Projects in advanced topic in digital systems 2001
Project evaluation
I evaluate your projects according to three criteria:
-
the design : problem solving, the design concept, how you solve the
problem
-
the experiment: the method, how you conduct the experiment (hand
simulate or running simulation), how you choose the benchmarks, the amount
of experimental data, all of these are boiled to how convincing your data
is.
-
the report: writing, discussion of the result, the completeness.
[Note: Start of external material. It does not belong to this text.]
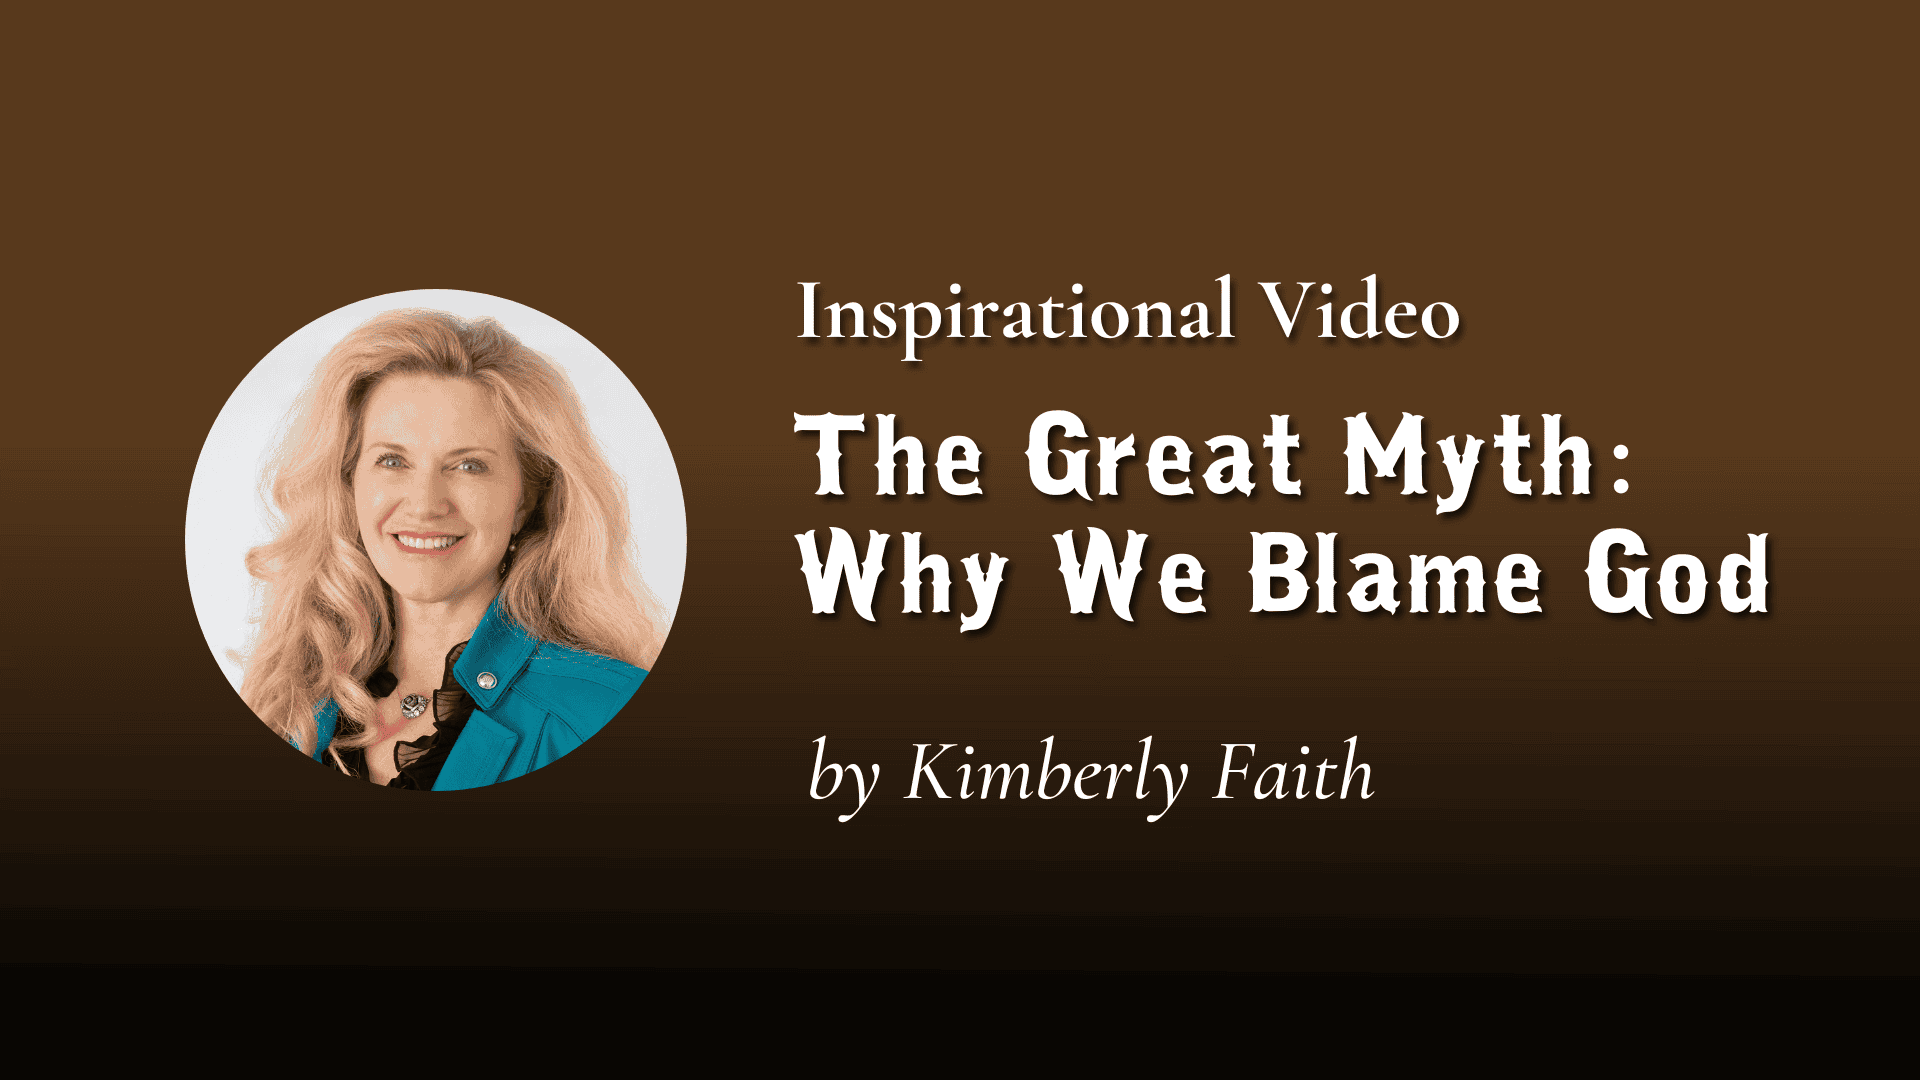 The Great Myth: Why We Blame God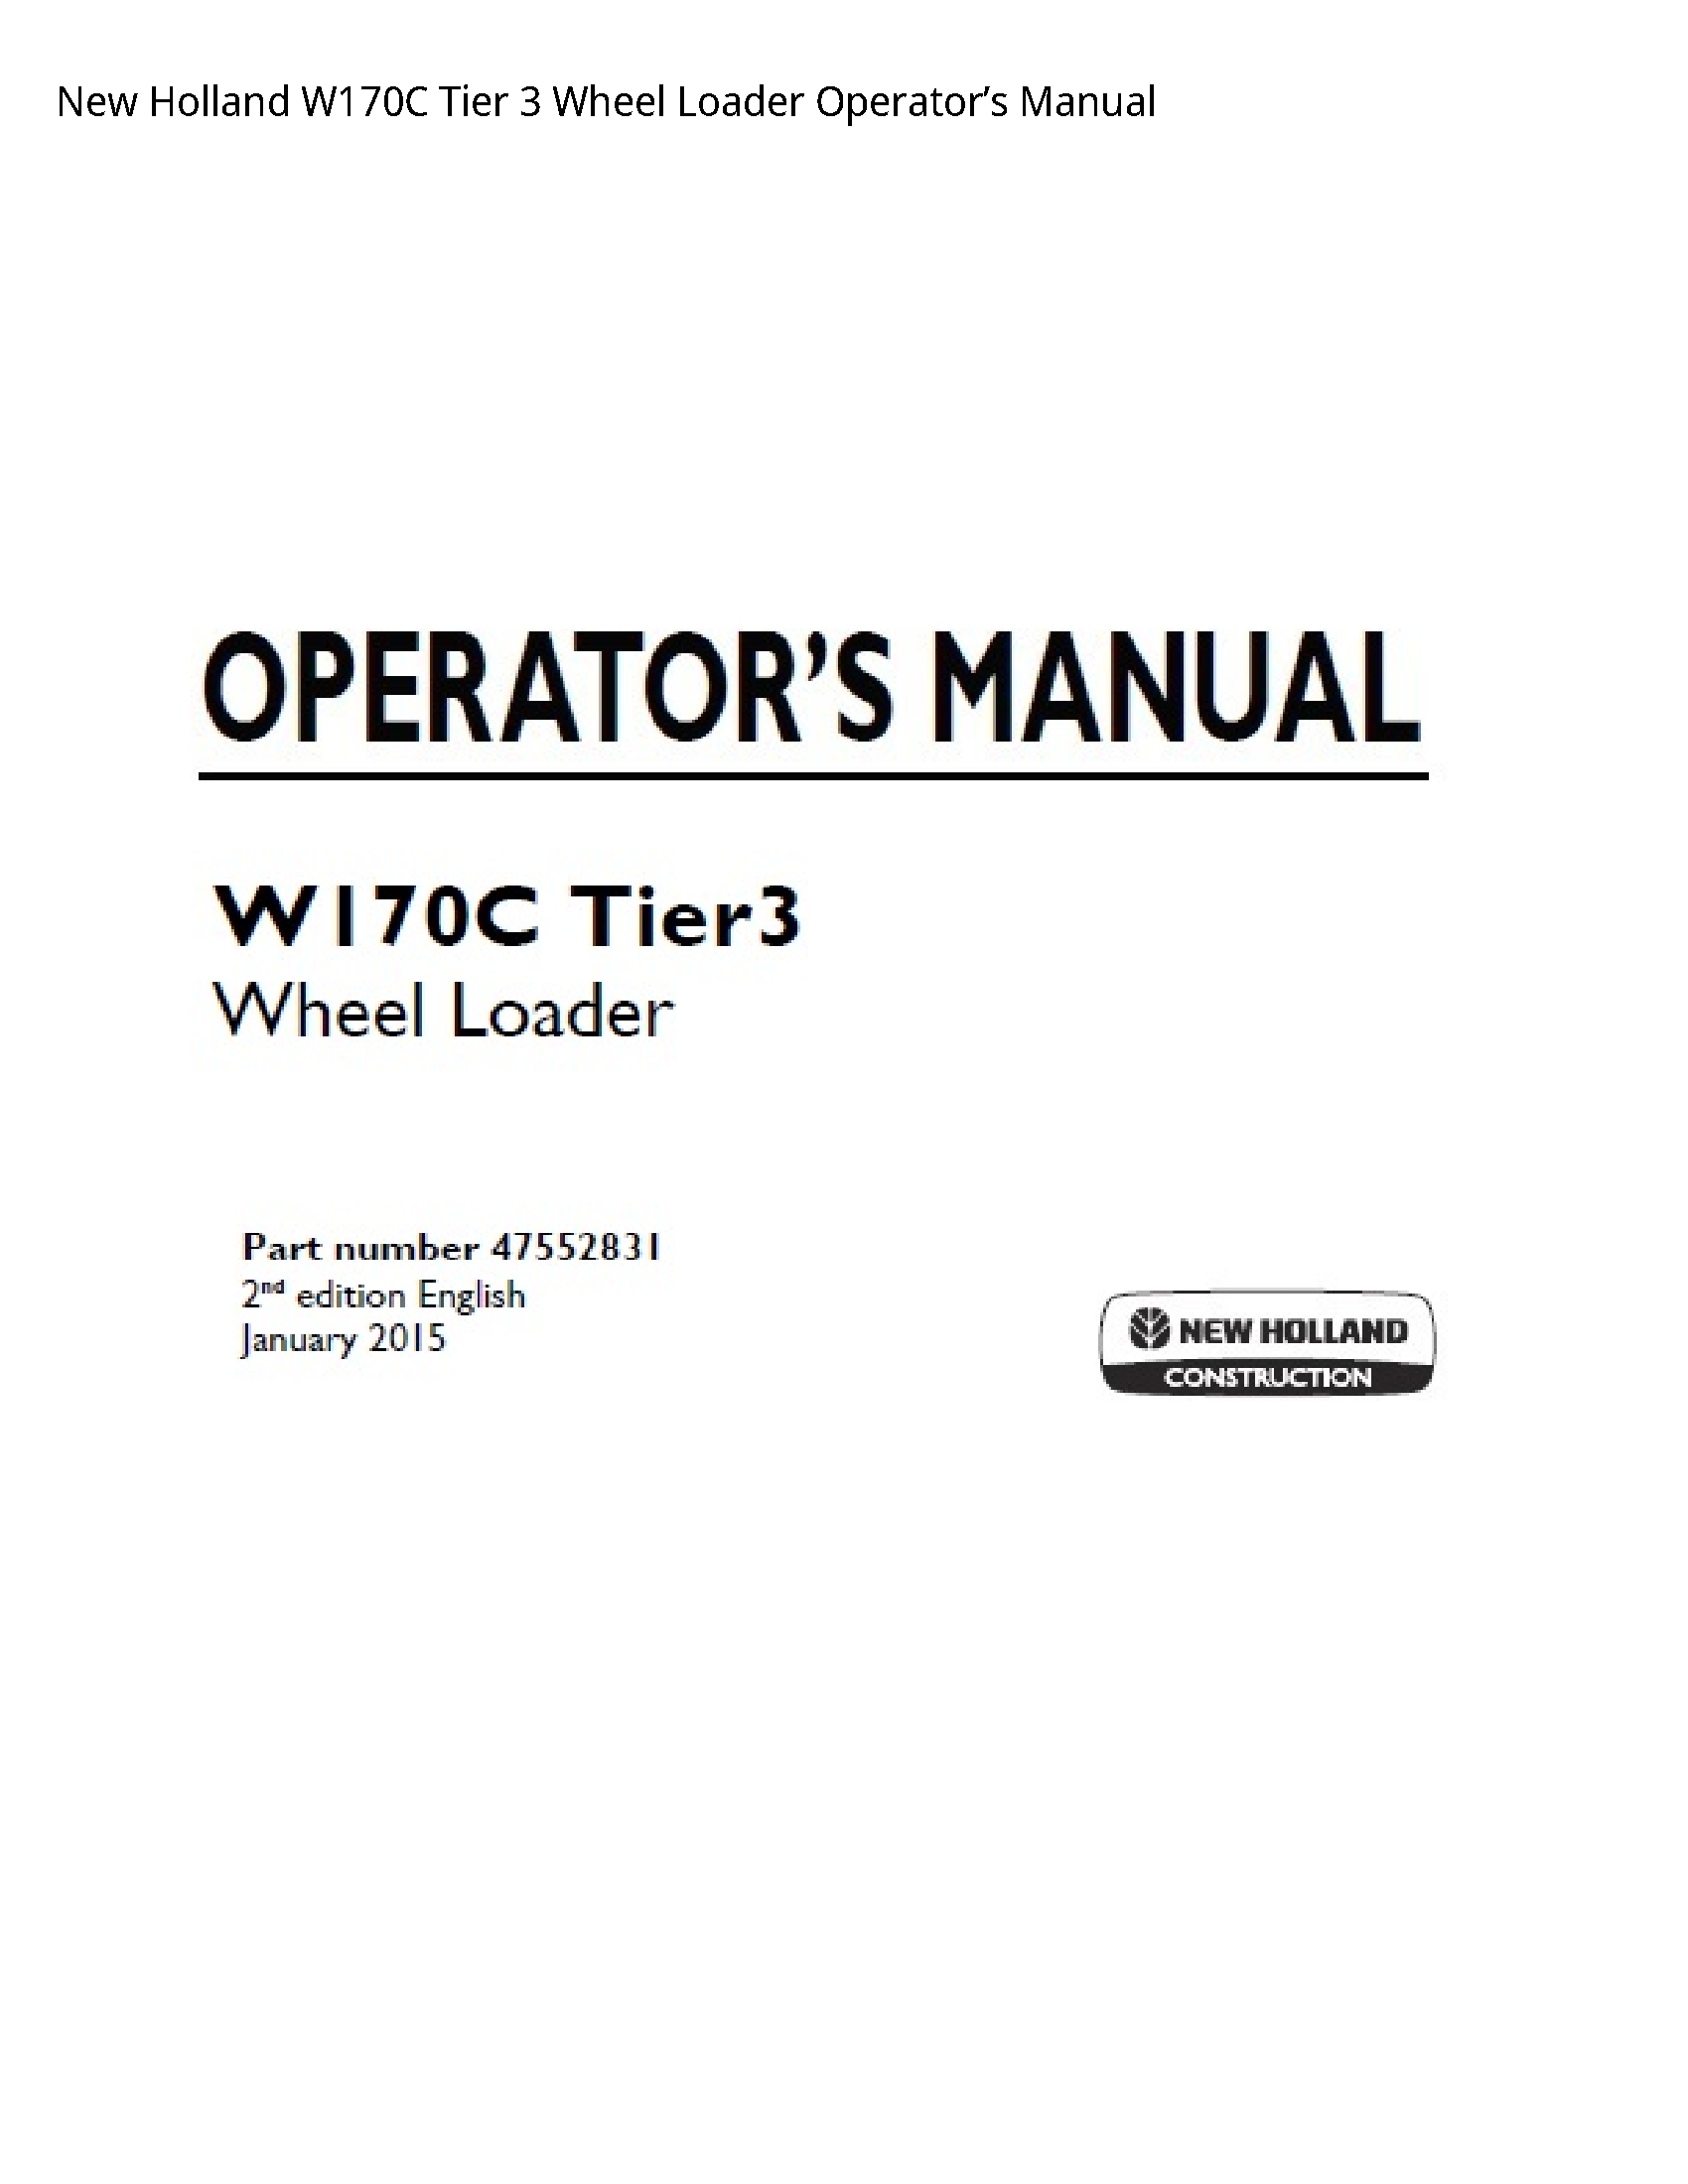 New Holland W170C Tier Wheel Loader Operator’s manual

The evaluation is reported Design/Experiment/Report
A = 10, B+ = 8, B = 6 Max total AAA = 30
Summary
I am happy with all projects. They exceed my expectation. Many
ideas are well thought of and the experiments are well done. The
results are illuminating. Please send your report in machine readable
form (PS or PDF are good for browsing, .doc is also acceptable) (email
me or drop the disk at my office) I will post them on the course page for
a limited time so that you can learn from your friends' work. (note
the ordering of the reports is random)
Matinee : Direct microprogram AAA
report
Sunee : Improved microprogram to increase the speed.
AAA report
Yodthong : VLIW. AAB+
report
Timaporn : two-level microprogram for s2.
AAA report
Shisanu : dynamic scheduling. AAA
report
Tanom : Pipelined DLX BBA report
Supaporn : Improve S2 ISA by combining the frequently
used instruction. BAA report
Netnapa : Improve S2 addressing mode.
AAA report
Benjaporn : Add new instruction to S2
B+B+A report
Chaiwat : Branch prediction AAA
report
Prapon : Include Tomasulo into S2
AAA report
Chatchawit : Redundant interleaved memory
AAA report
Matinee : Direct microprogram AAA
Design: the design of microprogram adding extra fields for register
numbers and constant.
Experiment: Using bubble-sort program, convert high-level language
into assembly and then write the direct microprogram (it is at Register
Transfer Level). the number of clock is calculated by hand.
Result: Reduce 1401 clocks to 403 clocks (speed
up 3.48). Impressive result.
Comment: you misscalculate the number of instruction when you
do CPI. the number of instruction is the "dynamic" count, i.e. counting
the instructions that are executed, not the "static" count (counting from
the program). You can recognise this anomaly easily from the CPI
that you got(42). The CPI can not be that high, usually you will
get between 4-8 on the machine in our class.
Sunee : Improved microprogram to increase the speed.
AAA
Design: pipeline microprogram, (overlap fetch and execution).
Must modify register read-write in one cycle and separate data and address
bus in data path to allow concurrent operations.
Experiment: Run seven benchmarks, use RZ compiler assembler
and modified simulator to collect all statistics.
Result: Average over all seven benchmarks the CPI reduces 16.5%
(from 5.21 to 4.35)
comment: I like your problem solving, especially the overlap
between fetch and write-back. The result is convincing.
Yodthong : VLIW. AAB+
Design: Propose a transformation method from assembly language to
VLIW. The proposed machine has 1 load/store unit, 2 ALUs, 1 branch unit.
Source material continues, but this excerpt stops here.